Review of Desperate

Desperate (1947)
6/10
Desperate Times calls for Desperate Measures
26 November 2007
**SPOILERS** The film "Desperate" is well worth watching only for the fact that it has the very underrated Steve Brodie, as independent trucker Steve Randell,in one of his few leading roles. The film itself has a number of inconsistencies that almost sink it before it ever takes off. There's the head hoodlum Walt Radak, Raymond Burr, at one point getting shot and and on the brink of death, as he's being attended in his hideout by a quack doctor, and then in what seems like days is back in charge and fit as a fiddle. Radak walks and drives around giving orders without the slightest hint of him ever being badly wounded or even wounded at all!

There's also Radak's eager to make it big as a gangster kid brother Al, Larry Nunn, who insists, against his big brothers timely advice, to take part in a warehouse robbery, where Steve is tricked into being the wheel-man, and ends up shooting and killing a policeman that lands him on death row. Steve who tried to warn the cop by blinking his headlights ends up in hot water with the Radak Mob in holding him responsible for the predicament that the very foolish and hot-headed Al got himself into.

Radak spends almost the entire movie trying to track down the one the run Steve not to kill him but to get Steve to falsely confess to killing the cop that Little Al knocked off. Radak also holds Steve responsible for Al's capture by the police by stepping on the gas and leaving Al behind where he was soon captured. With a wife Anne, Audrey Long, about to give birth Steve takes off to her parents farm in far off Minnesota to lay low until the heats off; Not from the cops who are out looking for him but from Radak and his gang.

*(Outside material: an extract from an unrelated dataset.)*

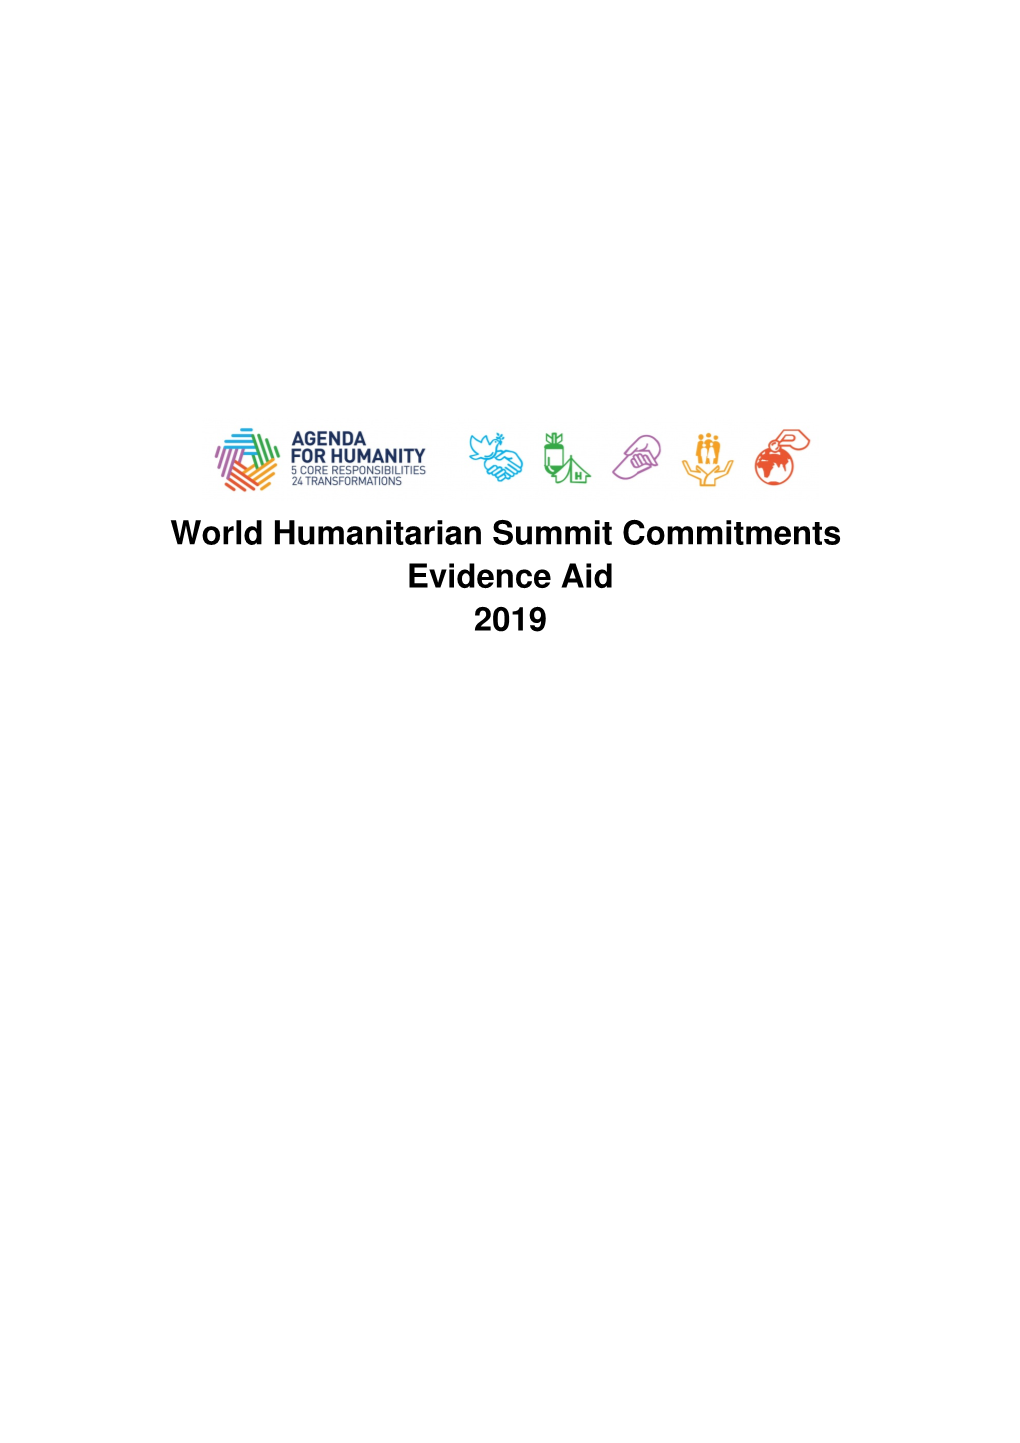 World Humanitarian Summit Commitments Evidence Aid 2019 Individual Commitments
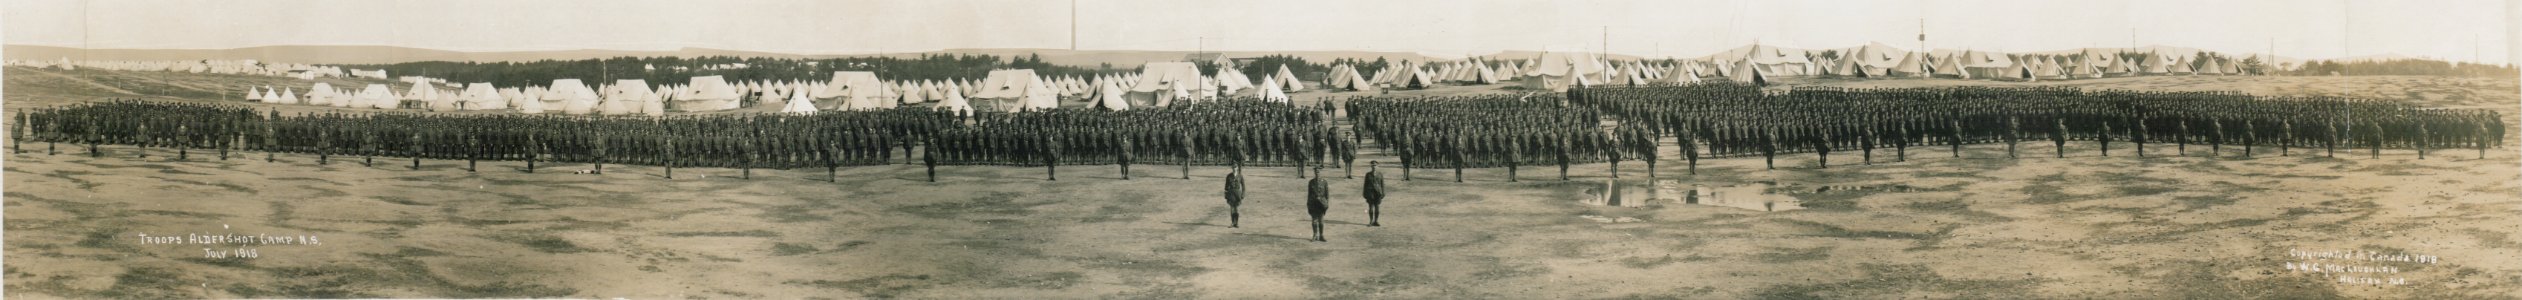 Troops at Alderscot Camp, N.S., July 1918 (HS85-10-34556) photo

The local police headed by Det. Ferrie, Jason Robards Sr, seem to be the only cops around chasing Steve, and later Radak, for hundreds if not over a thousand miles with Steve feeling that he'll be charged as an accessory to murder of the policeman back at the warehouse. Steve later gets the surprise of his life when Let. Ferrie tells him that one of Radak's hoods Shorty Abbott, Freddie Steele, gave a deathbed confession saying that he had nothing to do with the policeman's death! How Convenient!

As the day for Little Al's execution, that's to take places almost a thousand miles away, nears we see in the headline of the local Mountain City newspaper, covering the entire front page as if it was reporting the bombing of Pearl Harbor or V-J Day, that he's to be executed at midnight. Little Al's big brother Walt Radak, who's also in town, then comes up with this plan that only his totally sick and disturbed mind can dream up.

Always having a flair for the dramatic Radak want's to do in Steve at the very moment, when the clock strikes midnight, that his little brother Al is to get the juice, electricity, turned on him. Radak is so obsessed with having Steve get it the same way that Al will that he also forces Steve to eat his last meal, a stale turkey sandwich with a glass of milk, like a waiting to be executed prisoner on death row before he's, in Steve's case with a fuselage of bullets, himself to be executed!

This insane act on Radak's part is so badly mishandled with everything going wrong as not only the people in the apartment building catch on to what's going on but also the police, headed by Let. Ferrie. All that leads to Radak ending up as the man in the cross-hairs not Steve. This whole wild crazy and unbelievable conclusion of the movie ends up at precisely the time that Radak planned it, midnight, with the results, or victim, being somewhat if not totally different then what he planned.